У него был большой живот, поддерживаемый ремнем с бляхой, на ногах домашние туфли, широкие полотняные штаны, - он чем-то напоминал учителя начальной школы. Сережа подобрел к нему.

- Часам к восьми вызовем, - говорил Крынкин, - а вы пока отдохните. Я, кстати, и сам еще не обедал...

Он открыл дверь и басисто закричал:

- Синельников! Да тише вы там!.. Синельников, распорядись, чтобы вызвали по прямому... Кто требует? А, черт бы их взял!
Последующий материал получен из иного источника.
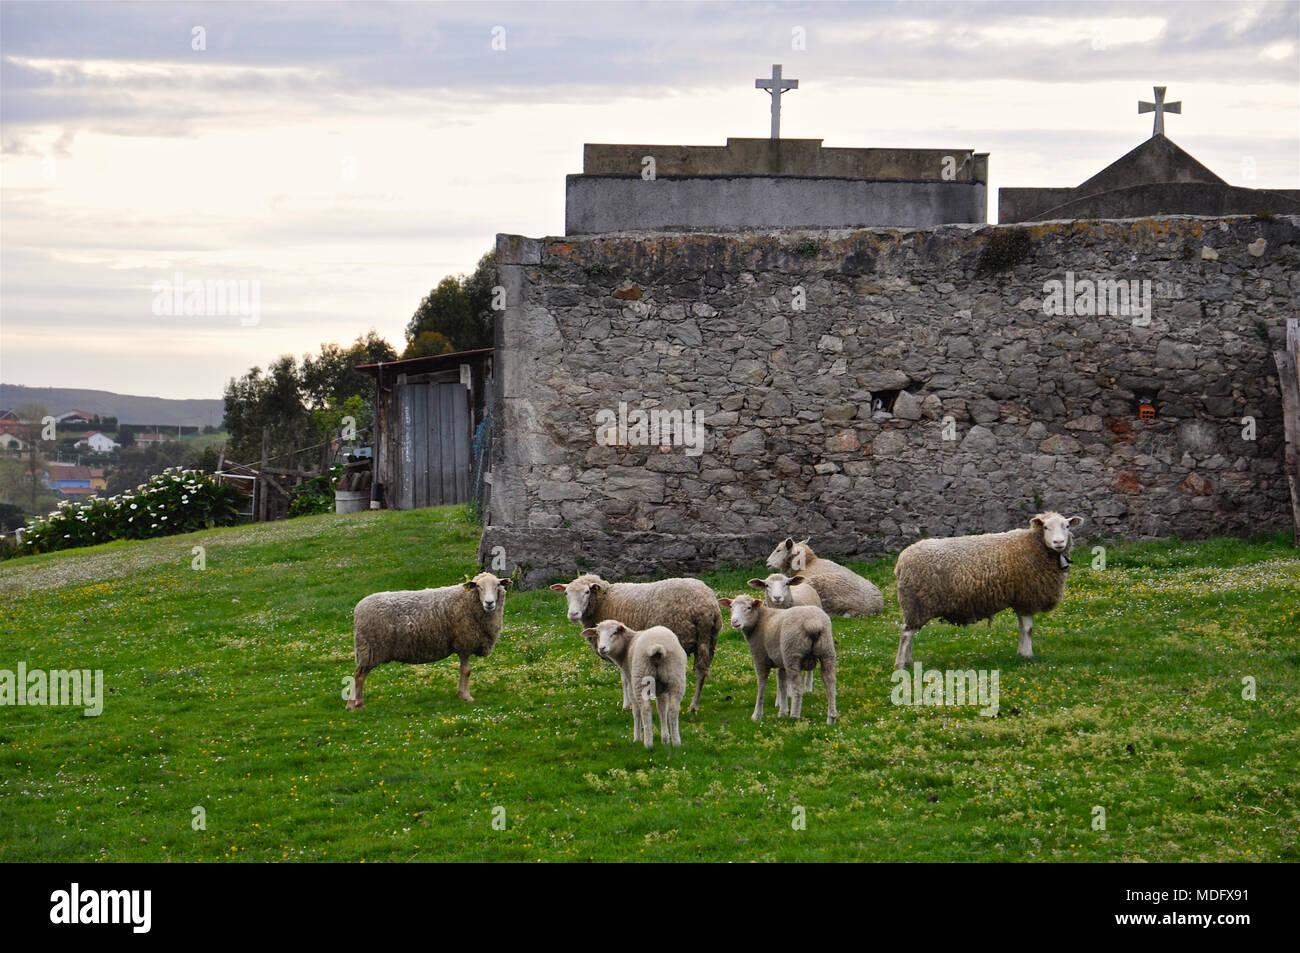 Flock of sheep in a green field next to the cemetery in San Martín de Laspra (Castrillón, Asturias, Spain) - Stock Image

Ну, я сейчас. - Он вышел, хлопнув дверью.

Мартемьянов вздохнул и опустился в кресло.

- Работничек, нечего сказать... Садись, - сказал он Сереже и, вытащив платок, стал обтирать им свою круглую, с шишковатым затылком голову. - Мы с тобой к Гладкому пойдем. Он, брат, нас лучше накормит...

- А как же теперь к удэгейцам?

- Там поглядим... Что вот Сурков скажет...

- Прямо отбою нет... - сказал Крынкин, задыхаясь, шумно входя в комнату, - баба его бузуем назвала, так он к начальнику штаба... Ну я распорядился, часам к восьми вызовут, вы пока...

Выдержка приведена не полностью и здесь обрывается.